The image of the solitary woman, quietly praying, gives one hope…
On the pastor in making his reservations…Lord help us with bi-polar preachers who believe they can live one way at church and another way when they are in their other “comfort zone”. If he treats a woman like this I bet his wedding anniversary was more of a peace treaty.
Hey, Ben! Glad to see you back even though it may be only temporary. Your posts back in the day helped me while attending SWBTS. It was good to know I wasn’t crazy (well…at least not when it came to that stuff).
I’m with a SBC church but I don’t attend the conventions. The analogy of the two kids fighting over the truck is accurate. I just don’t care. I have more important things to do in my community than to leave and try to prove to people who don’t know me or care about me that I’m “truly Baptist” and “truly conservative”.

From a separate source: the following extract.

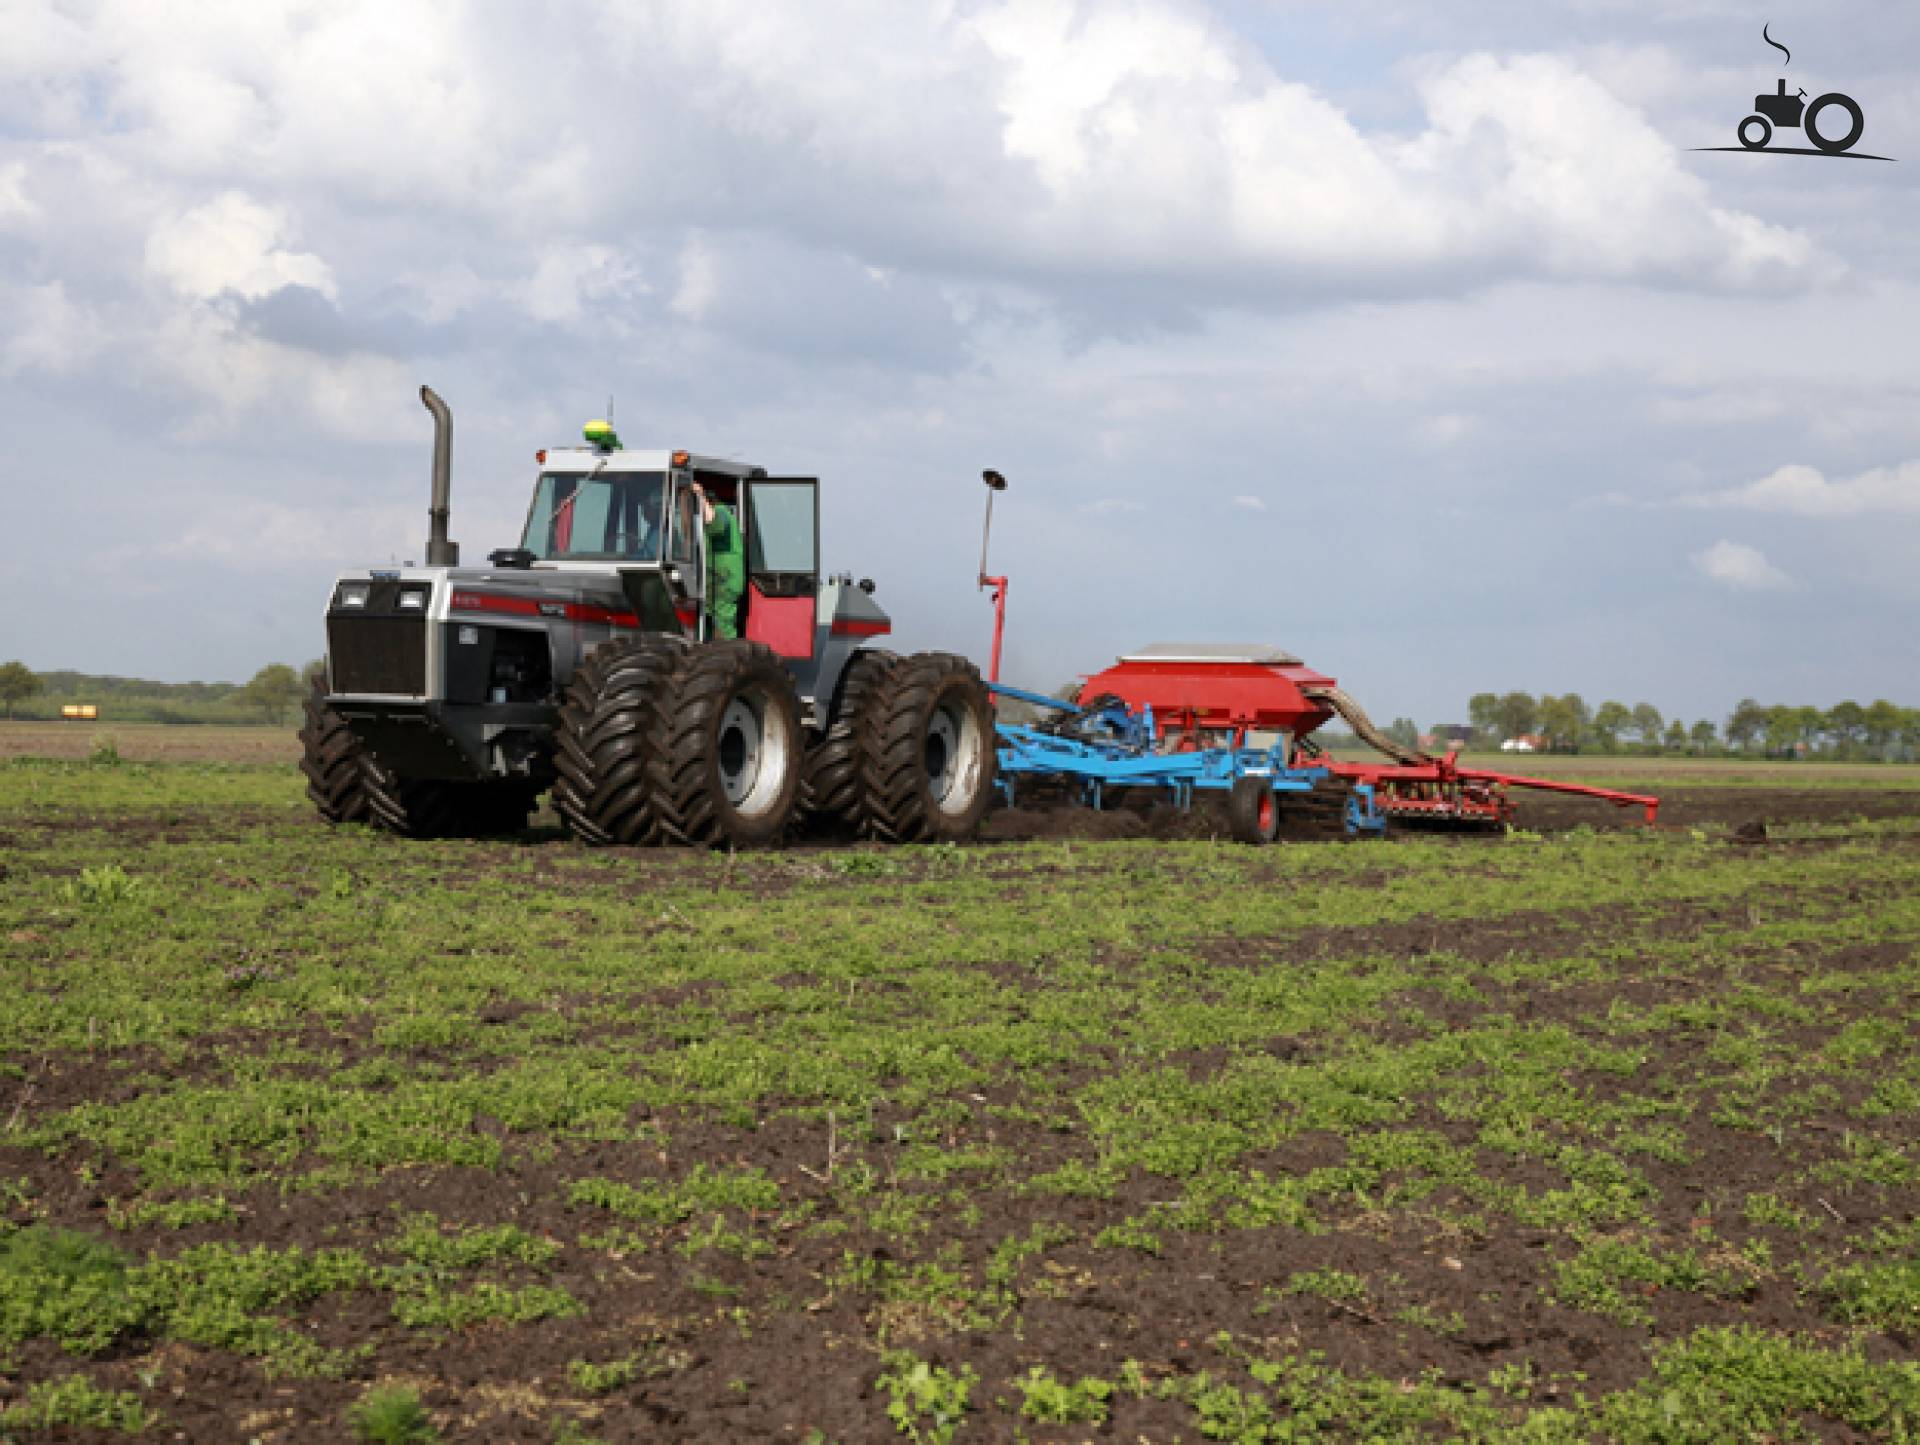 White 4 270 Tractor : Foto white field boss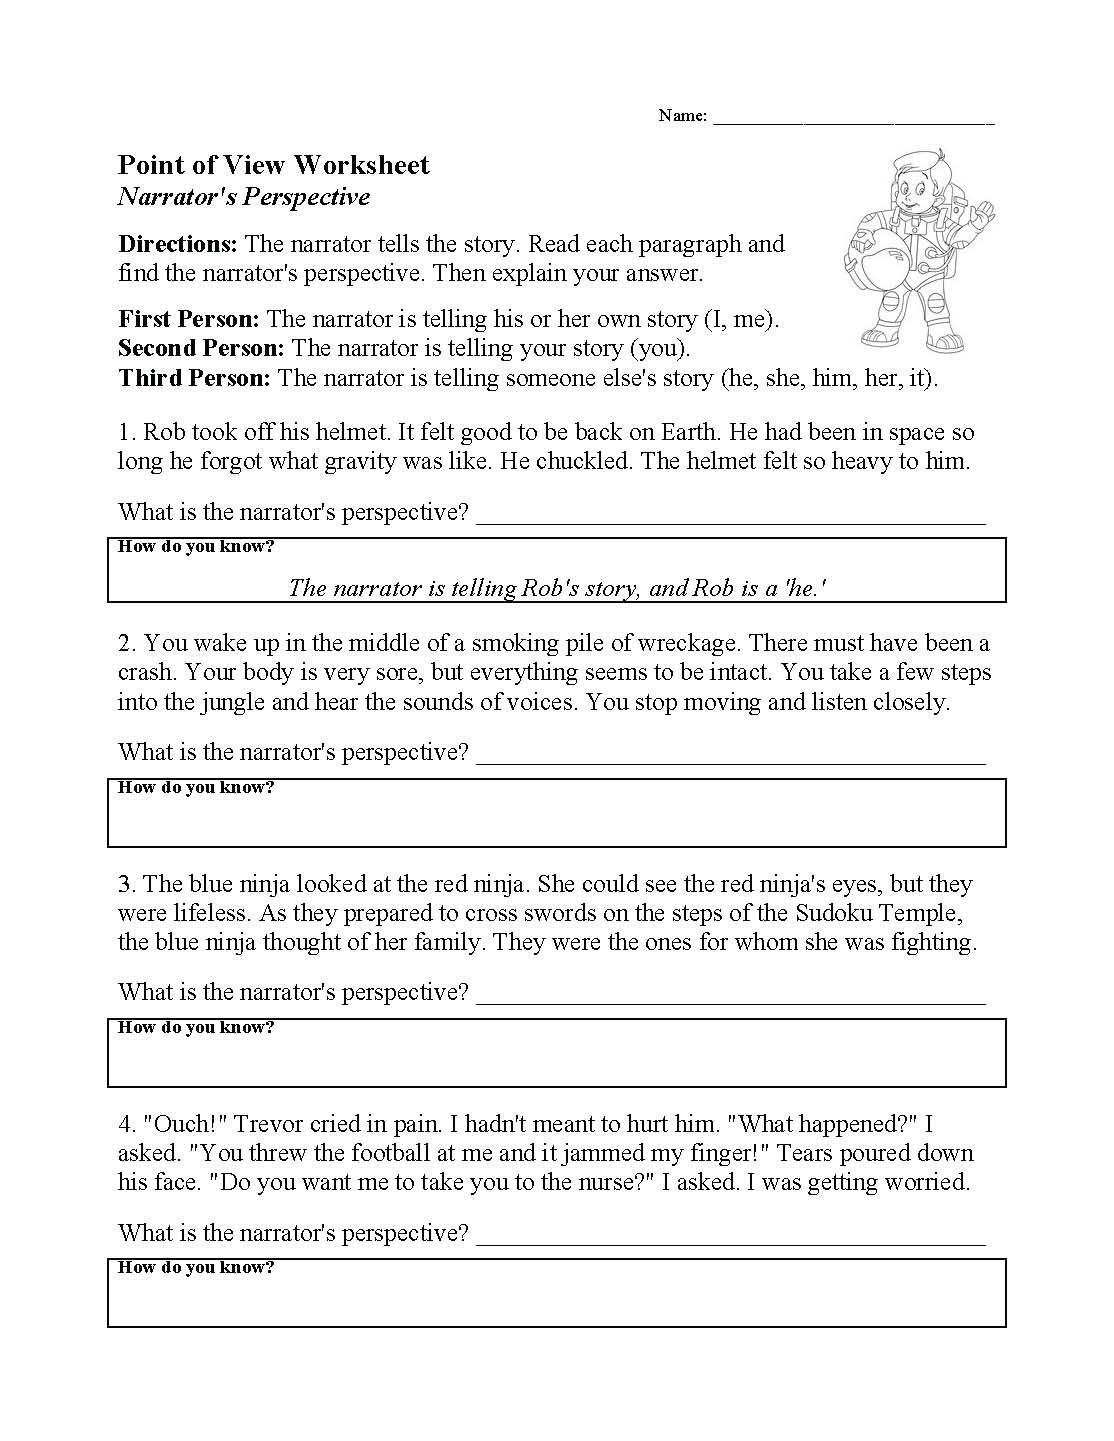 Elements Of Fiction Worksheet

Church at the local level is great. The SBC politics are somewhere between comical and pathetic.
I heard you’re presently serving in the national political realm. Did your experience in SBC prepare you “for a time such as this”?
Your mind and your pen seem sharp as ever Ben. There is a sense of melancholy that comes over me when I read your words. You are one of the brightest minds to ever come through the SBC machine. I wanted to let you know that one of our old friends, Clark Ford, is now a State Trooper with the SC Highway Patrol. I am sure he would love to hear from you.